* **Raw data**
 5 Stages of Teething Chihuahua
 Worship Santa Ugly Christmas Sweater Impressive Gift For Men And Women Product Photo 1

...

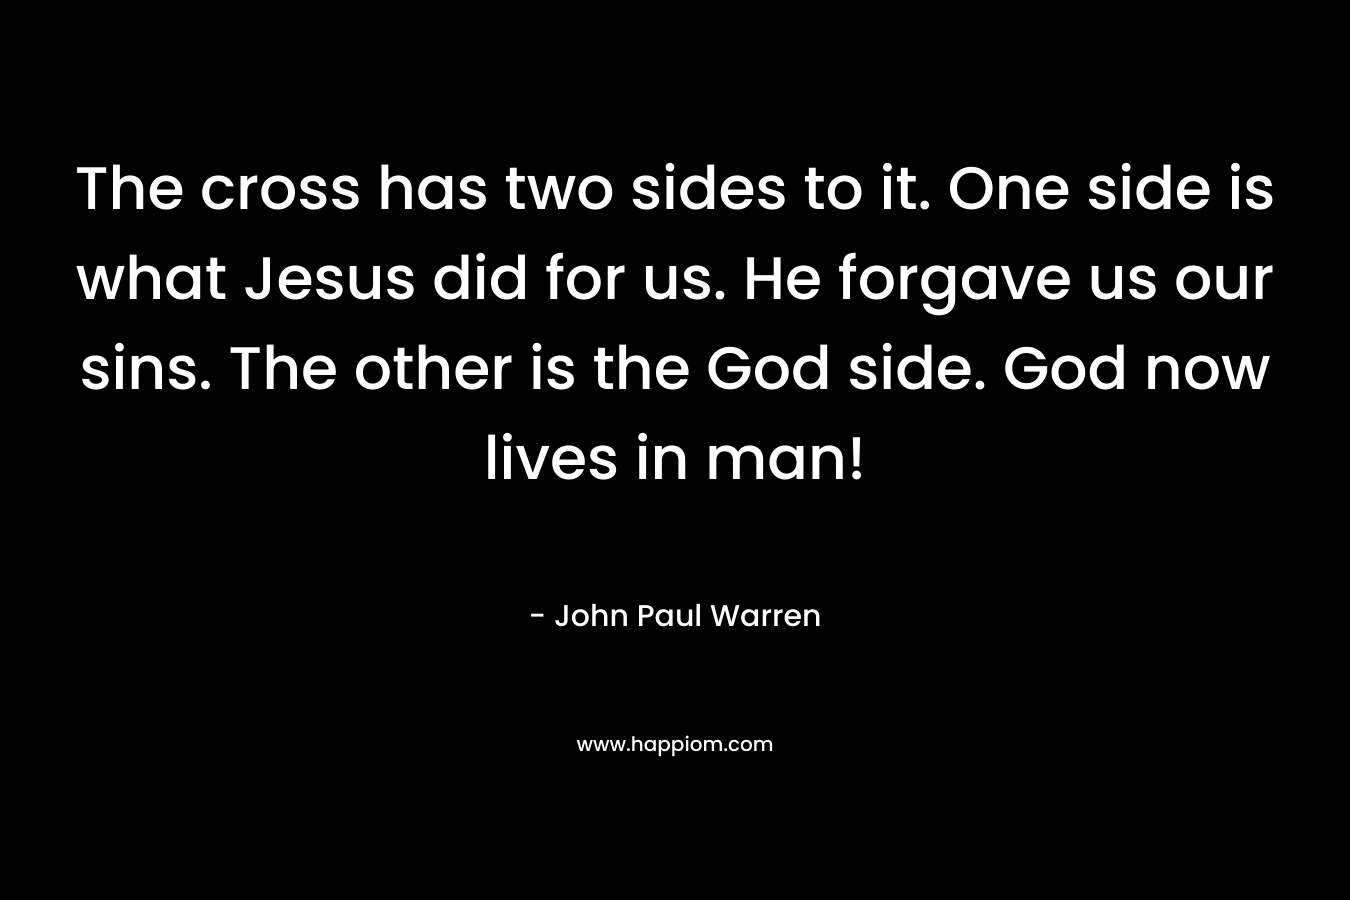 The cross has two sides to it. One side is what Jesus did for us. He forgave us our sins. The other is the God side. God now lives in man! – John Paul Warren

---

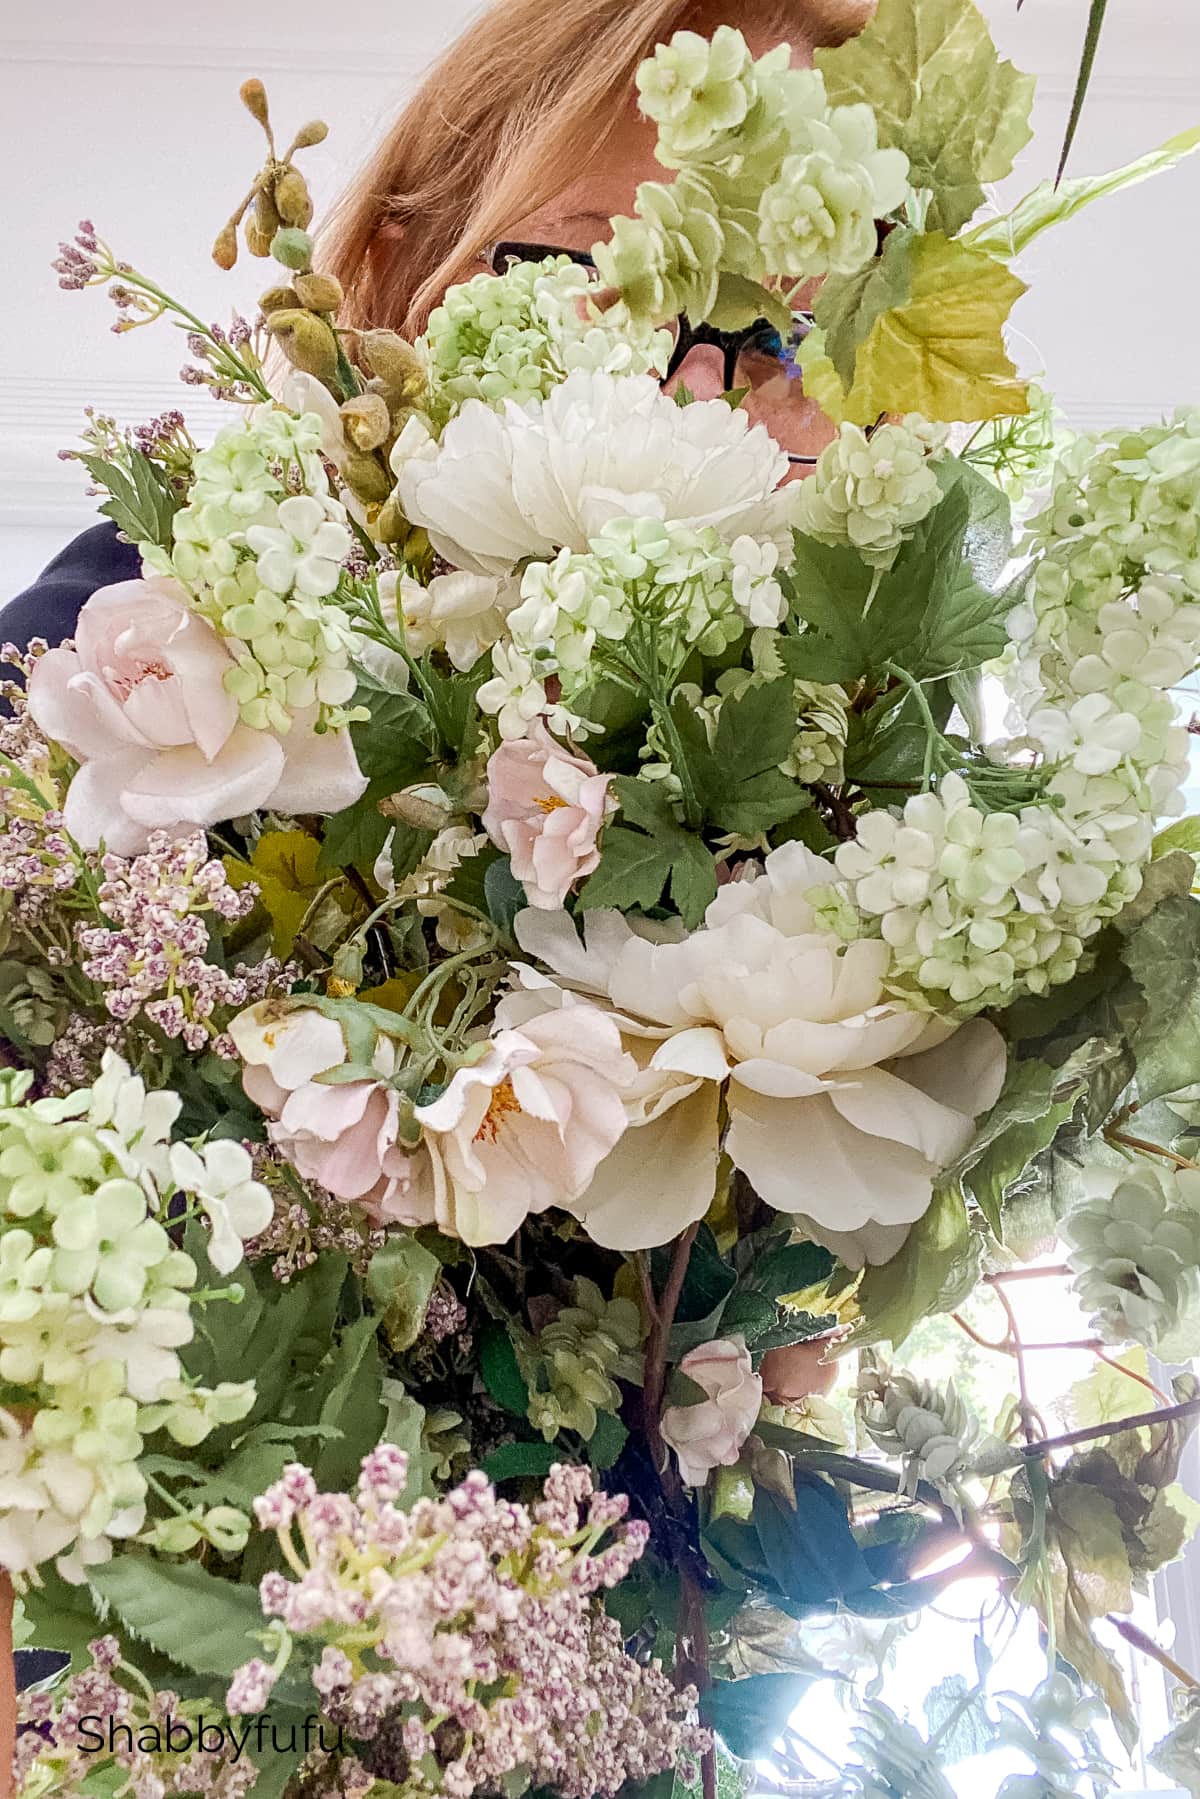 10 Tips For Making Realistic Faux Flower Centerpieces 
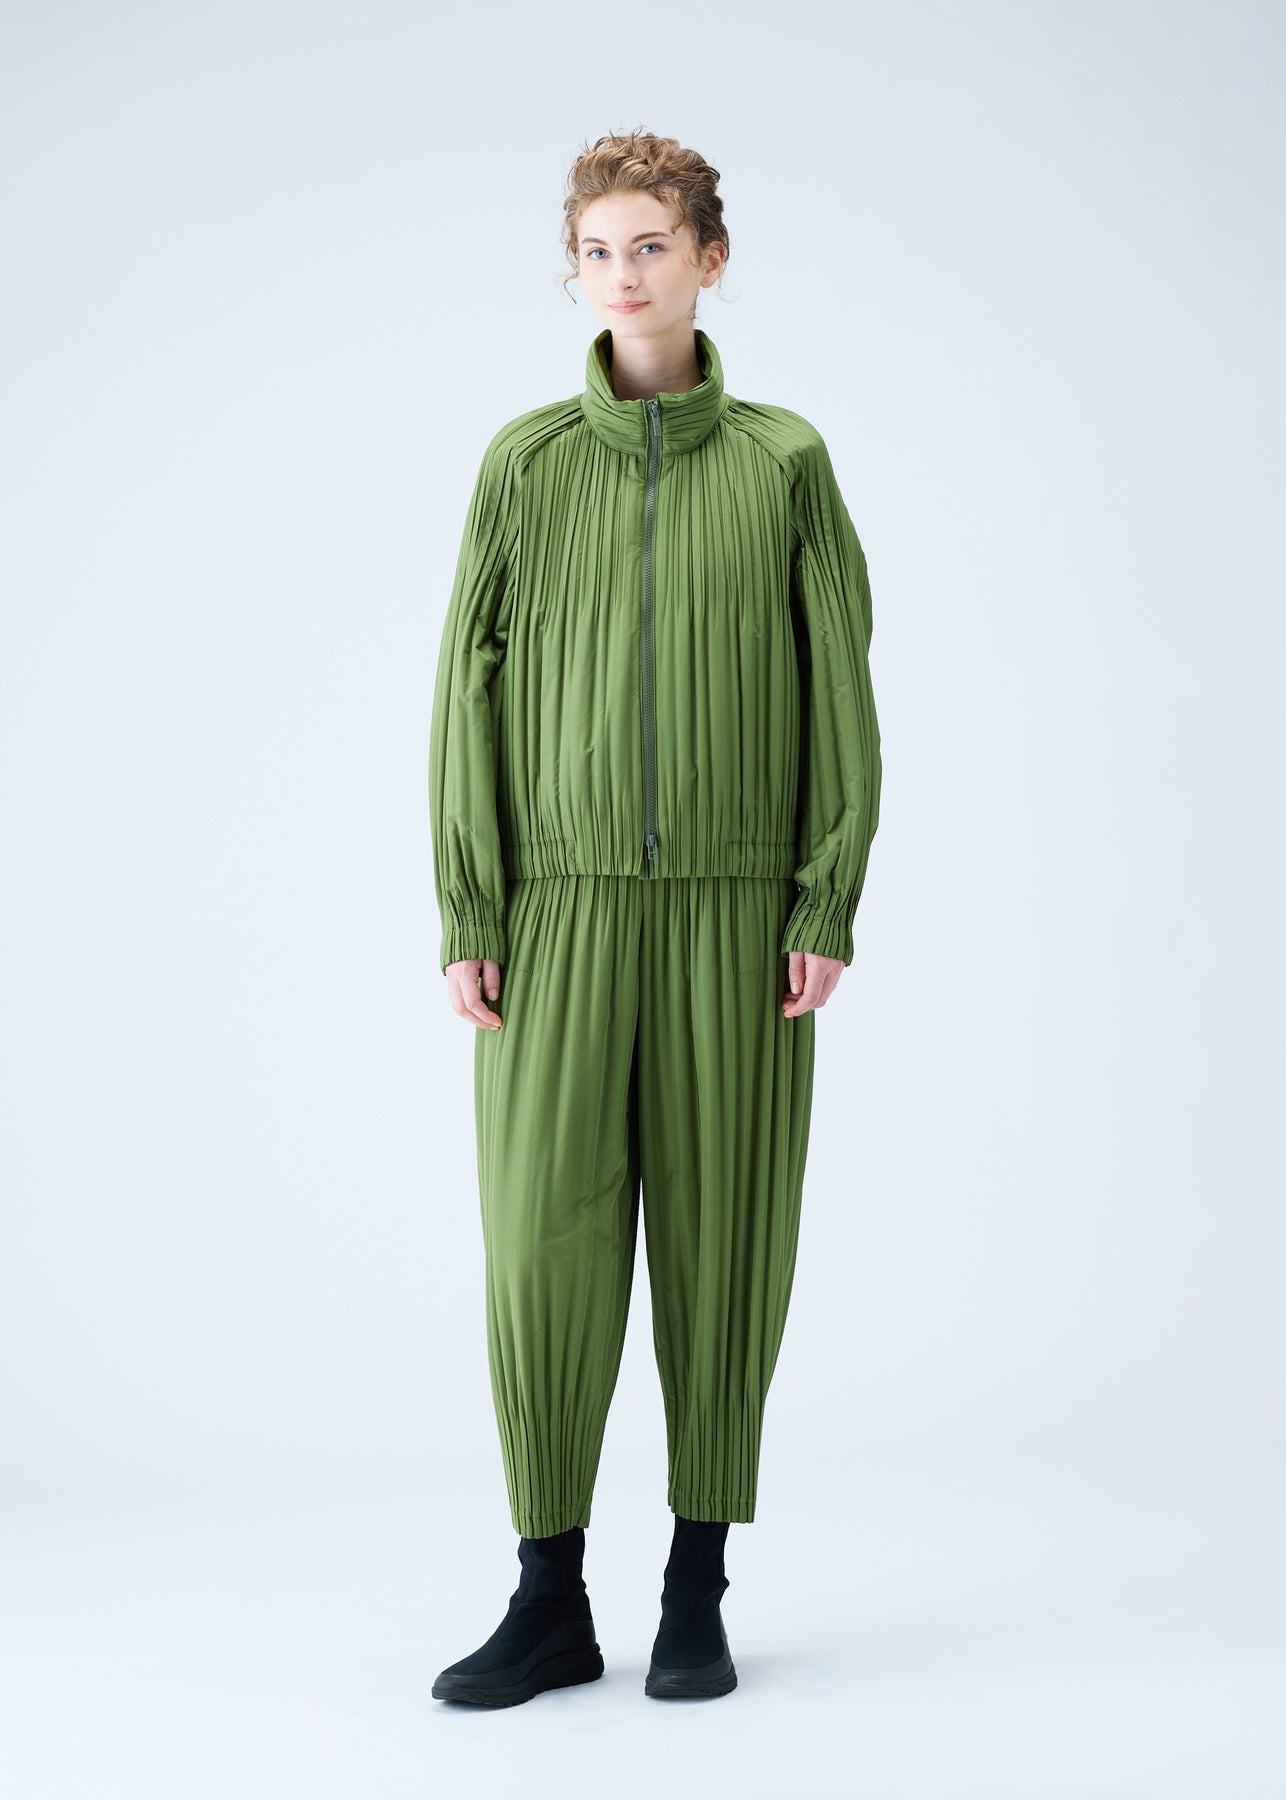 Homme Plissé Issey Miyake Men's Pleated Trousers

* **Exercise description**
Give the exact lines, and only those, from the line containing "5 Stages of Teething Chihuahua" through the line containing "Worship Santa Ugly" in the entries above.

* **Task solution**
 5 Stages of Teething Chihuahua
 Worship Santa Ugly Christmas Sweater Impressive Gift For Men And Women Product Photo 1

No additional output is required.